What does it take to make a decision to stand up? How often are these decisions planned, and how often do they happen in a split second? I wonder what it was like for the tank man at Tiananmen Square. Hard to imagine that that was a deliberate, conscious decision. Most likely, he saw the situation and just walked out. Perhaps there was not even any self talk; it just happened…
There are hundreds of Tamil-Canadian protesters a stone’s throw from my office near the US consulate in downtown Vancouver. Their drums and chants are pretty catchy (and distracting the hell out of the IT consultants hunched frowning over their keyboards). Their flags – the flag of a recognized terrorist organization – are even more attention-grabbing.
It appears the Tamil protesters’ black flags of mourning were a short-lived tactic that could not win the support of their constituents, who continue to show allegiance to the flag of the Tamil Tigers – a group accused of (inventing) suicide bombings, recruiting child soldiers, ethnic cleansing and a bunch of other behavior most of my fellow citizens would consider un-Canadian. Interestingly, large Canadian and American flags are also waving in the crowd.
I spoke in passing with one of the protesters while wandering back to the office with some sushi. “I think you’d get more support for your cause if you put away the flag with the guns on it,” I offered. “It’s the flag of a terrorist organization. You want independence, great! But you know what that flag represents.”
“This is our national flag!” replied the over-eager protester. His friend added that it had been their flag for 1,500 years. Could I be so perverse as to argue with him that, technically, there is no Tamil state (and the chances of it ever being realized appear to be diminishing rapidly each day, thanks to the efficient gains of the Sri Lankan army) and that the firearms on the flag would not have been around 1,500 years ago?
I walked away.
What was the point? They’ve chosen this flag to represent their national aspirations and will not be convinced otherwise. If they’re blind to the implications of their own symbols, Canadians of all stripes and our elected representatives will continue to remain deaf to their chants for international intervention.
As a response to a fairly consistent theme in the comments at the NP, I would remind readers that I have nothing against Tamils protesting – frankly, given the circumstances, I’d be surprised and disappointed if they didn’t. What I’m criticizing is their choice of symbol, a flag recognized by anyone familiar with this conflict as being synonymous with terrorism. If they truly want the help and sympathy of their fellow Canadians, they ought to at least go back to the black flag they used for all of two minutes. A little pragmatism could go a long way politically.
Tamil protesters on Parliament Hill in Ottawa have made their position on supporting terror quite clear, even if some anyonymous CTV headline writer seems determined to delude their readership.
The quote, from protest spokesperson Senthan Nada, asked whether they support the Tamil Tiger terrorist group now getting a furious spanking from Sri Lankan forces: “Our pictures show innocent children and women who are the victims and I don’t know how people can misinterpret and say that we are only standing for the Tamil freedom fighters.”
Clearly, he doesn’t mean the innocent children and women are “freedom fighters” – the same term propagandists have used for decades when their own people engage in terrorist actions.

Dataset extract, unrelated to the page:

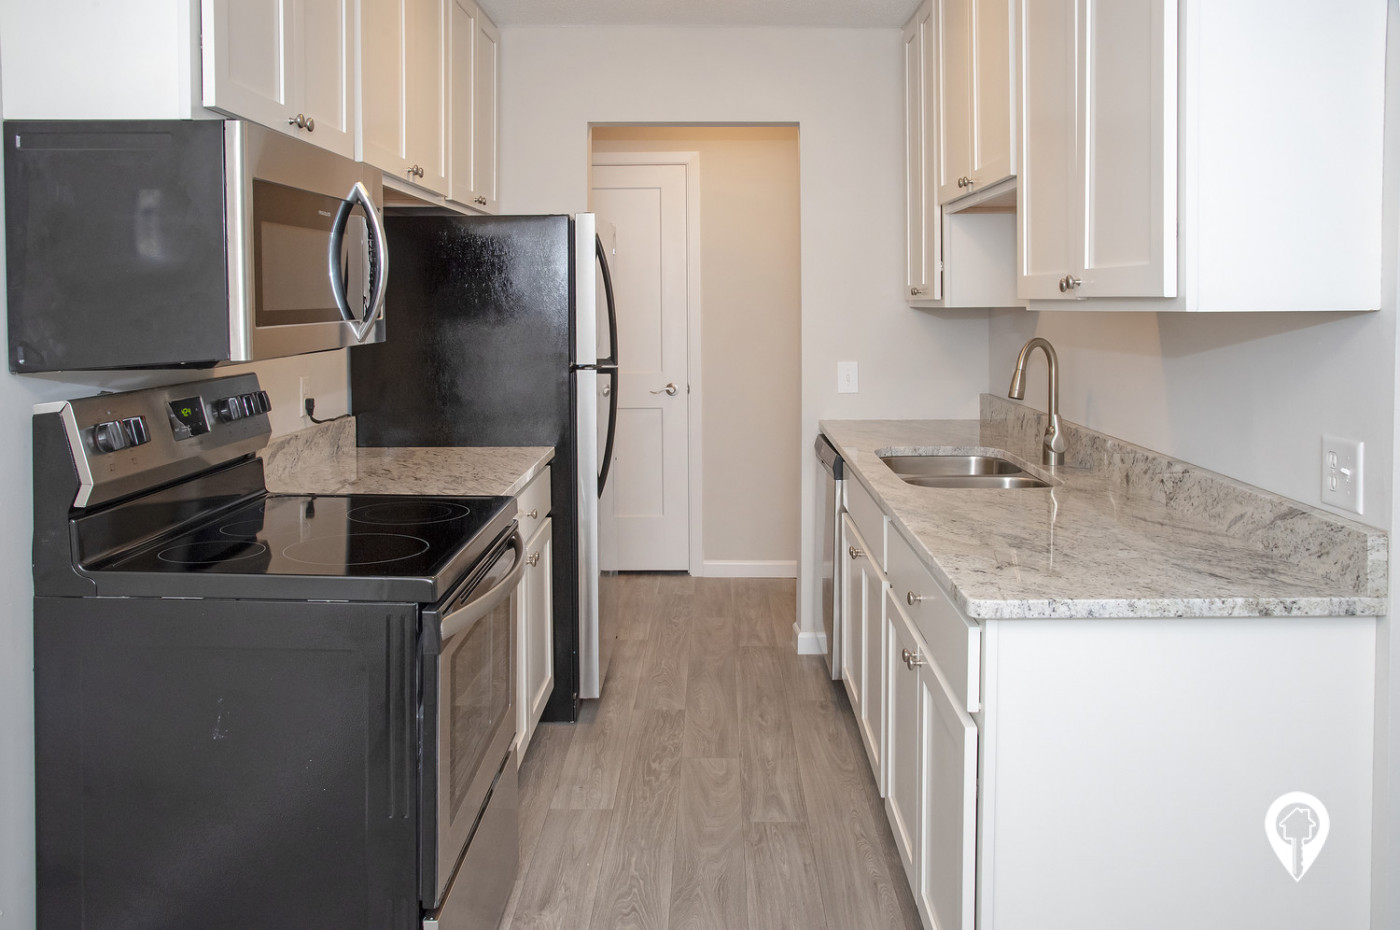 Colonial-Villa-Apartments-Wood-Look-Vinyl-Flooring-Dining-Room-Kitchens

The only plausible conclusion is that the protesters consider the Tamil Tigers fighting the army to be freedom fighters. See, they’re not just standing with the women and children, they’re ALSO standing for the people reportedly using the local Tamil population of women and children as human shields.
The headline, “Tamil protesters deny support for terrorist group” just doesn’t fly. Thanks, CTV, we have no need for a Ministry of Truth.